Listed entries:

*** Begin section ***

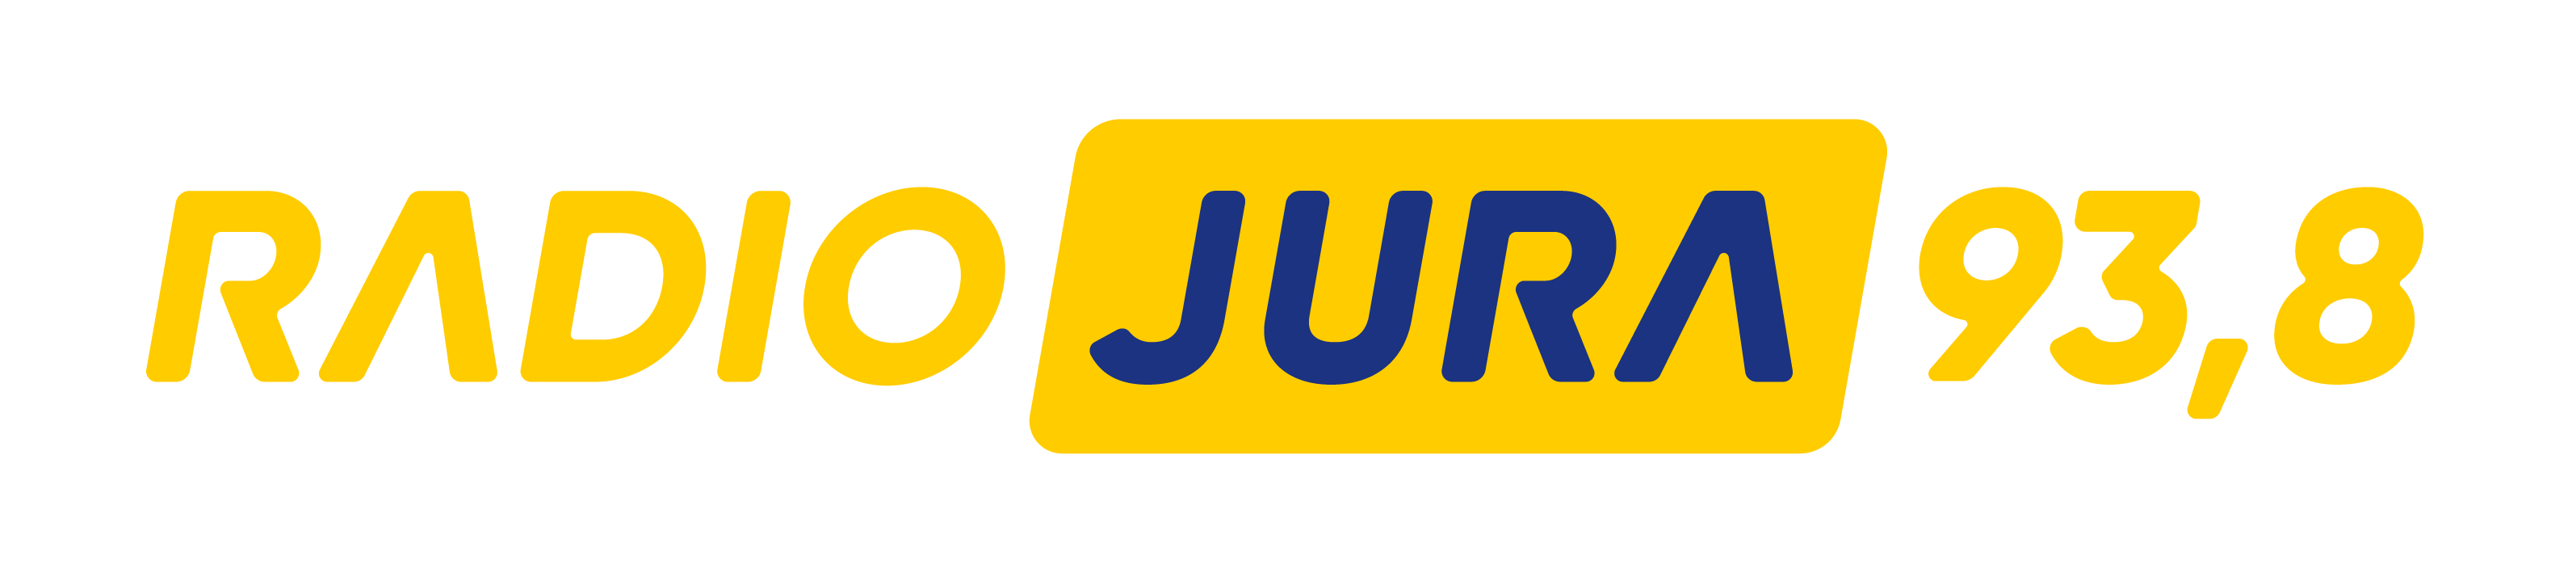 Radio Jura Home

*** End section ***
*** Begin section ***

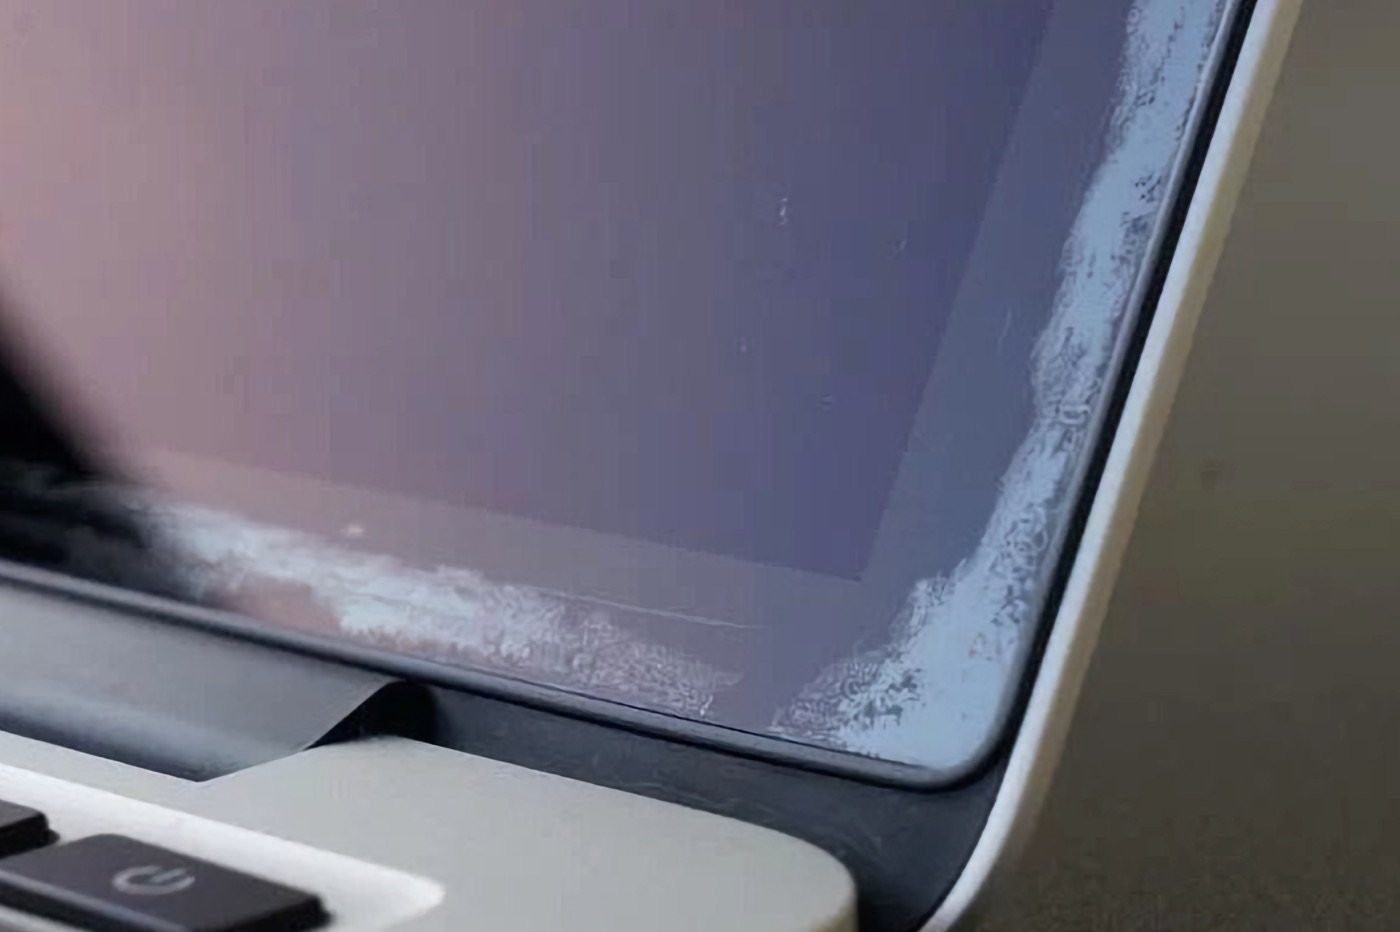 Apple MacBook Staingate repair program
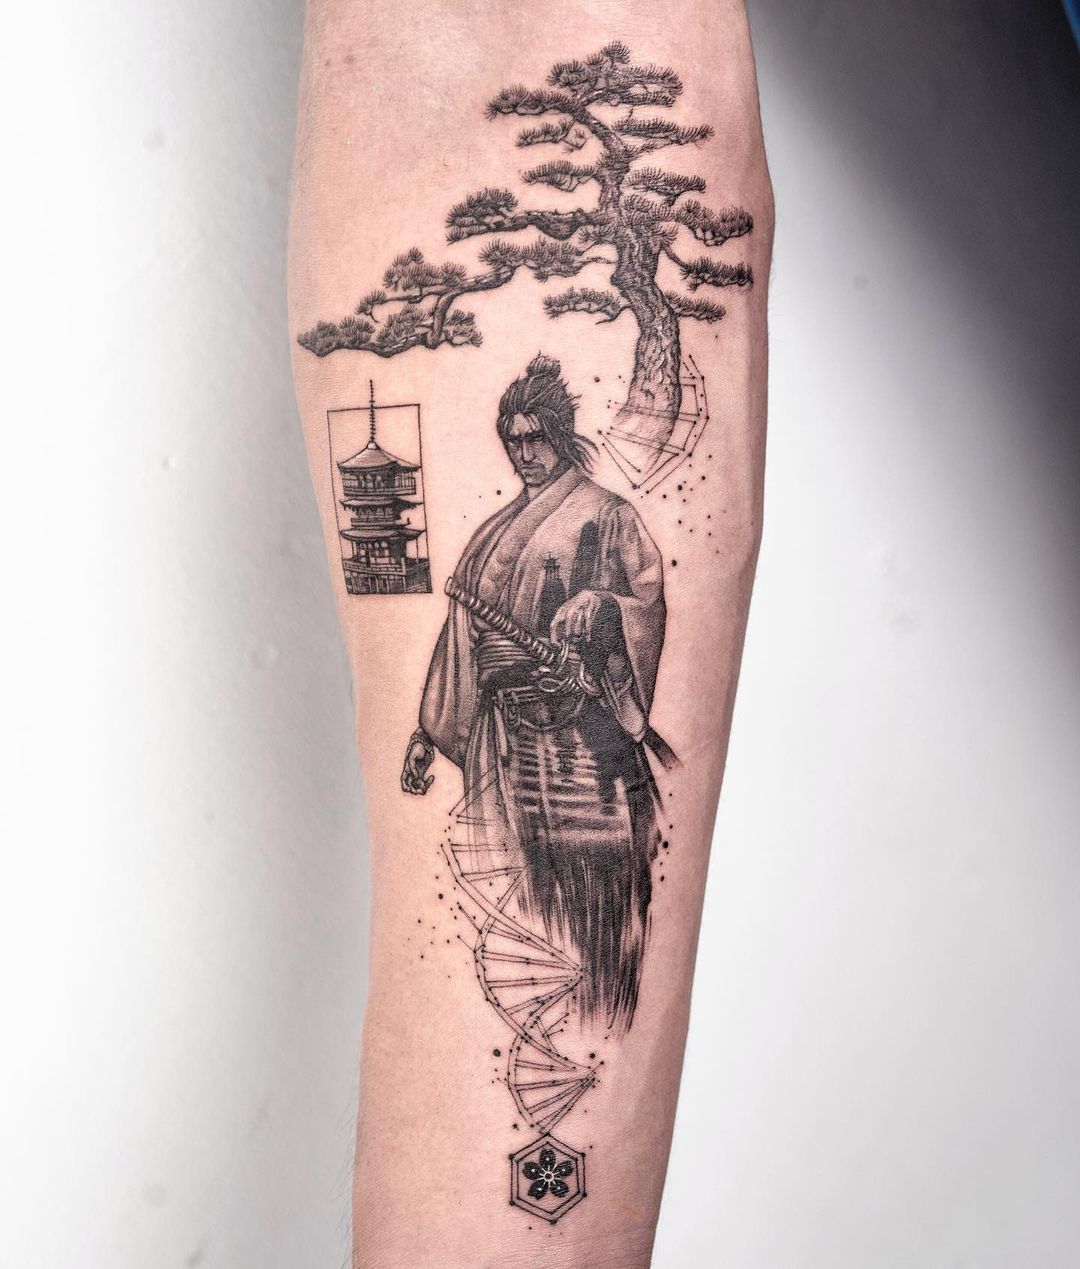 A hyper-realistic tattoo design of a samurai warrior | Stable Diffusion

*** End section ***
*** Begin section ***

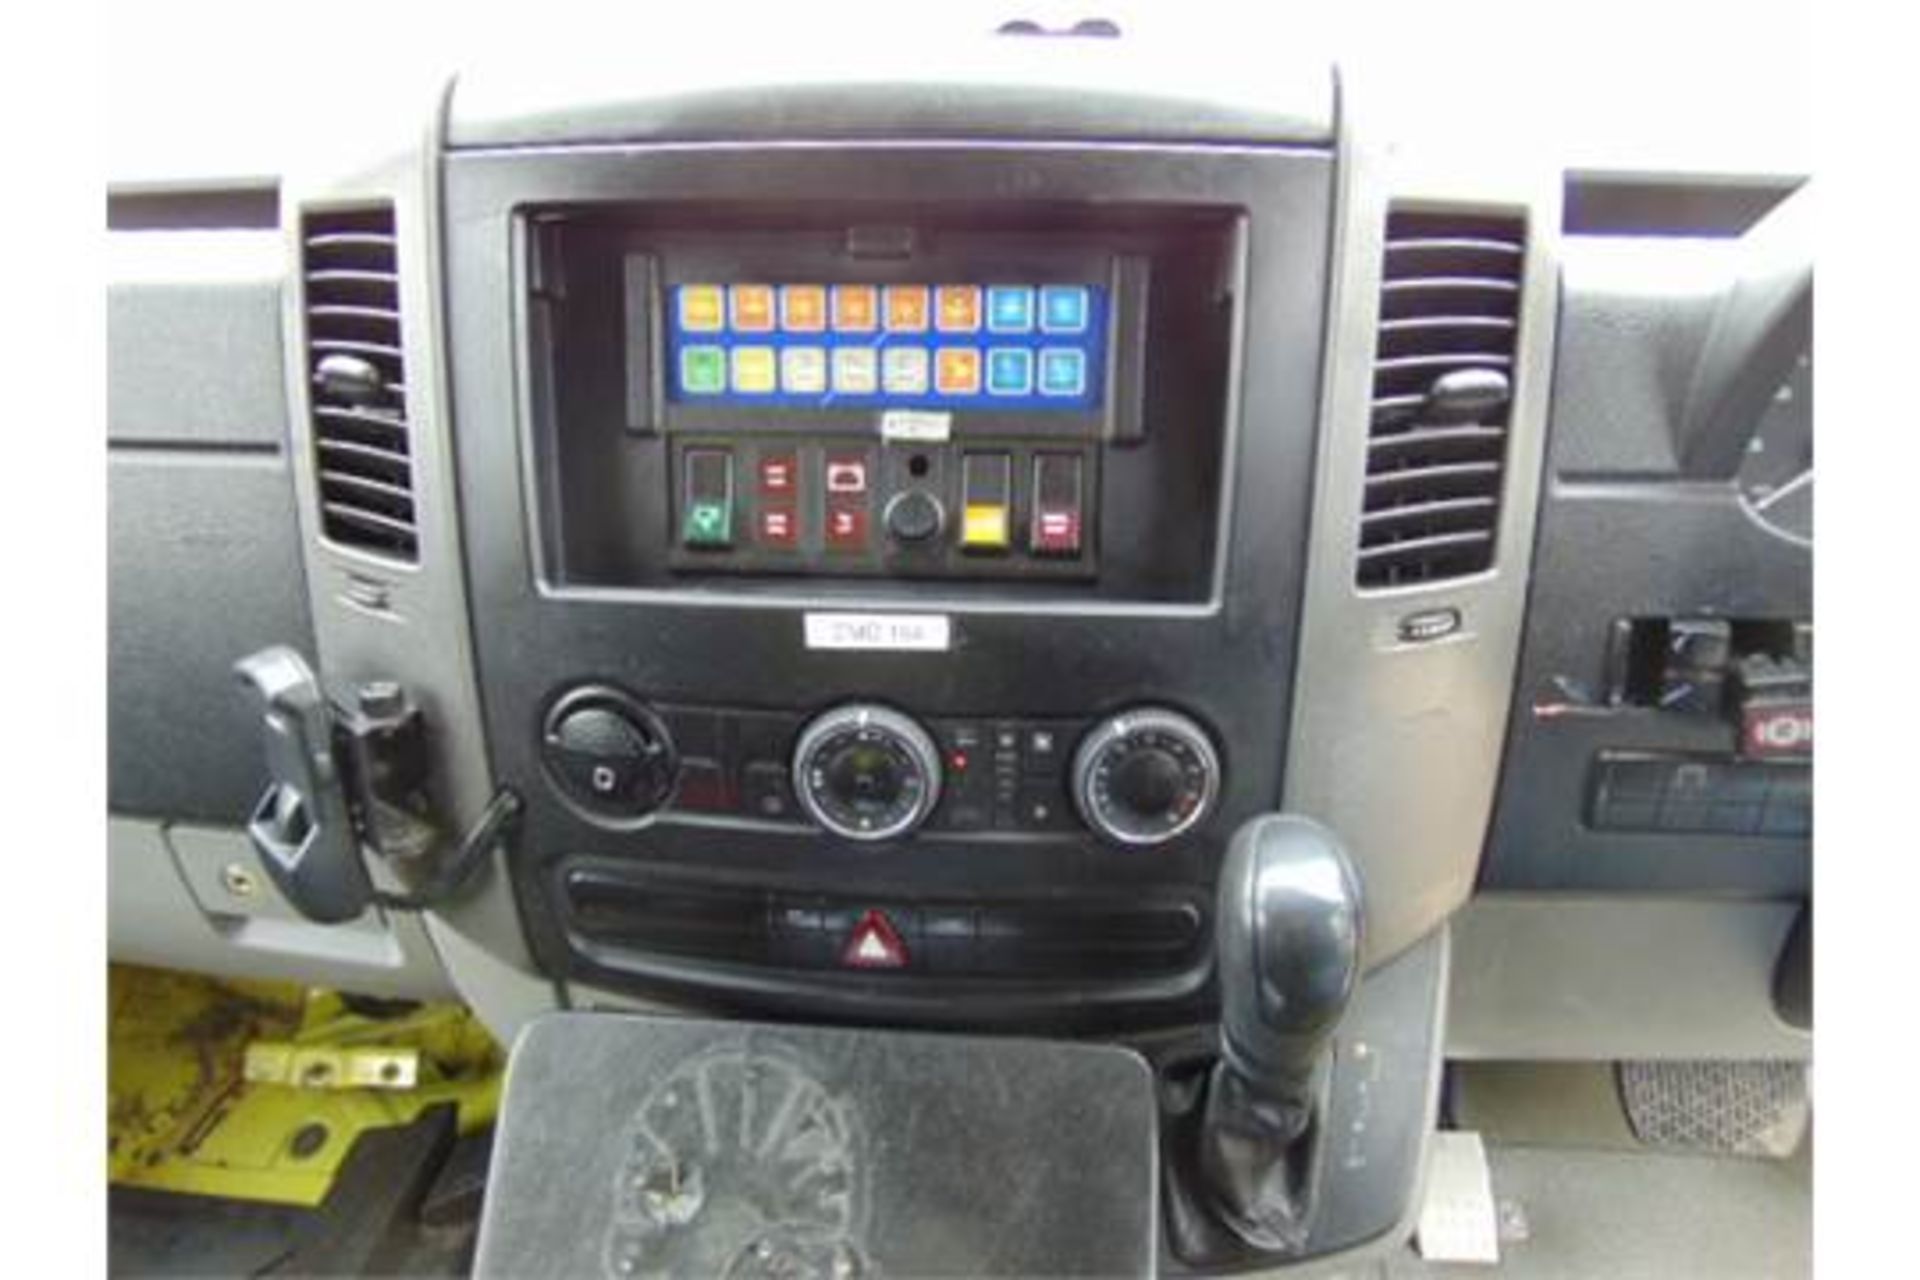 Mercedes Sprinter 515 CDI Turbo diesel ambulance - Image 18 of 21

*** End section ***

Activity:
Though the entries above contain pictures, none should be copied; reproduce only the lines between the one holding "Apple MacBook Staingate repair program" and the one holding "A hyper-realistic tattoo", inclusive, exactly as written.

Worked solution:
 Apple MacBook Staingate repair program
 A hyper-realistic tattoo design of a samurai warrior | Stable Diffusion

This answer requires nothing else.